Tutta la mia pittura è stata elaborazione di un lutto, anzi, di due lutti: uno quello della mia spina dorsale assassinata dal corrimano di un tram; l’altro, quello di non aver fatto altro che abortire, invece che partorire.
Il mio cruccio più grande è stato proprio quello di non aver avuto figli.
Ne avrei voluti tanti con Diego, e magari anche con Lev Trockij, e con André Breton.
Sono nata marchiata dalla spina bifida e, perciò, difettosa e malformata. Poi ci si è messo di mezzo lo scontro frontale con quel tram a sgangherarmi definitivamente.
Ho provato a fare figli, ma il mio utero e le mie reni non ce l’hanno fatta.
La mia vagina però ha dato la sveglia e la carica a tanti altri corpi, normalmente o artisticamente dotati.

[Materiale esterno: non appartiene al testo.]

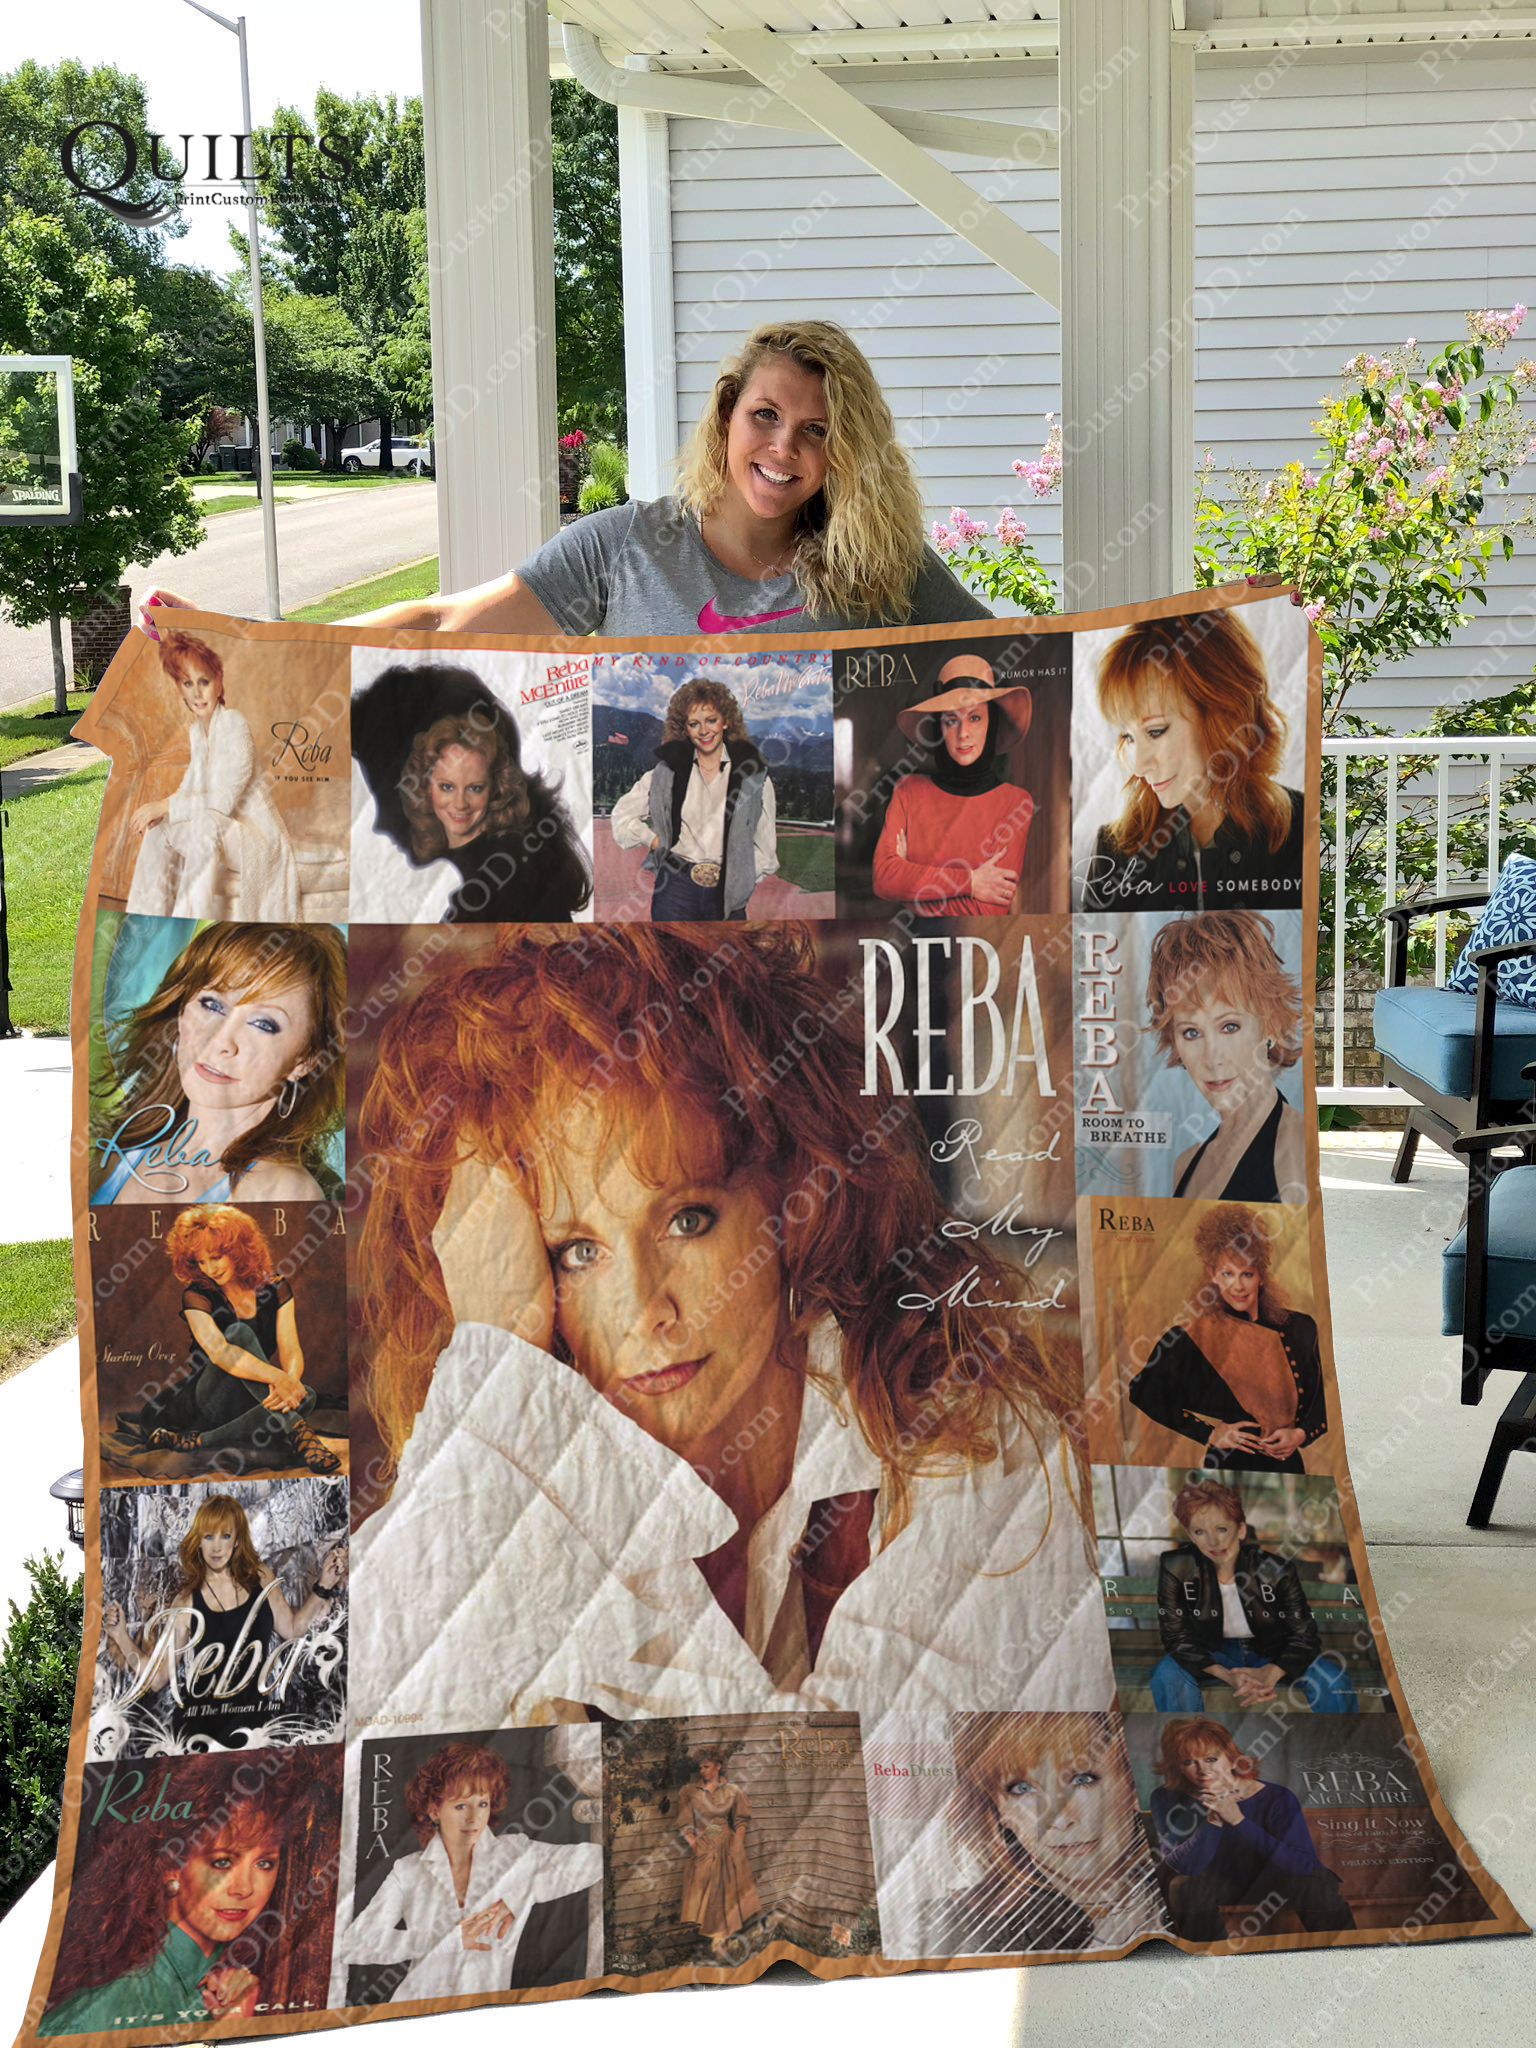 M-reba Mcentire Quilt Blanket For Fans Ver 17 - Featured Quilts

Il mio pube è sempre stato molto peloso, come quello di Maria di Magdala e, come il suo, piaceva molto agli uomini. Magdalena, è il mio secondo nome.
Non ho mai avuto problemi a guardarmi negli specchi, nonostante tutte le disgrazie, il corpo è stata la mia materia prima, il mio lievito madre, che ho scelto di condividere.
Una donna artista che non fa figli non è una vera artista, dicono. Perché estranea al più importante processo di creazione. Tutte balle. Non dite di me che sono stata un’artista surrealista, dite di me che sono stata un’artista messicanista. Chissà se una come me può essere considerata lunàdiga.»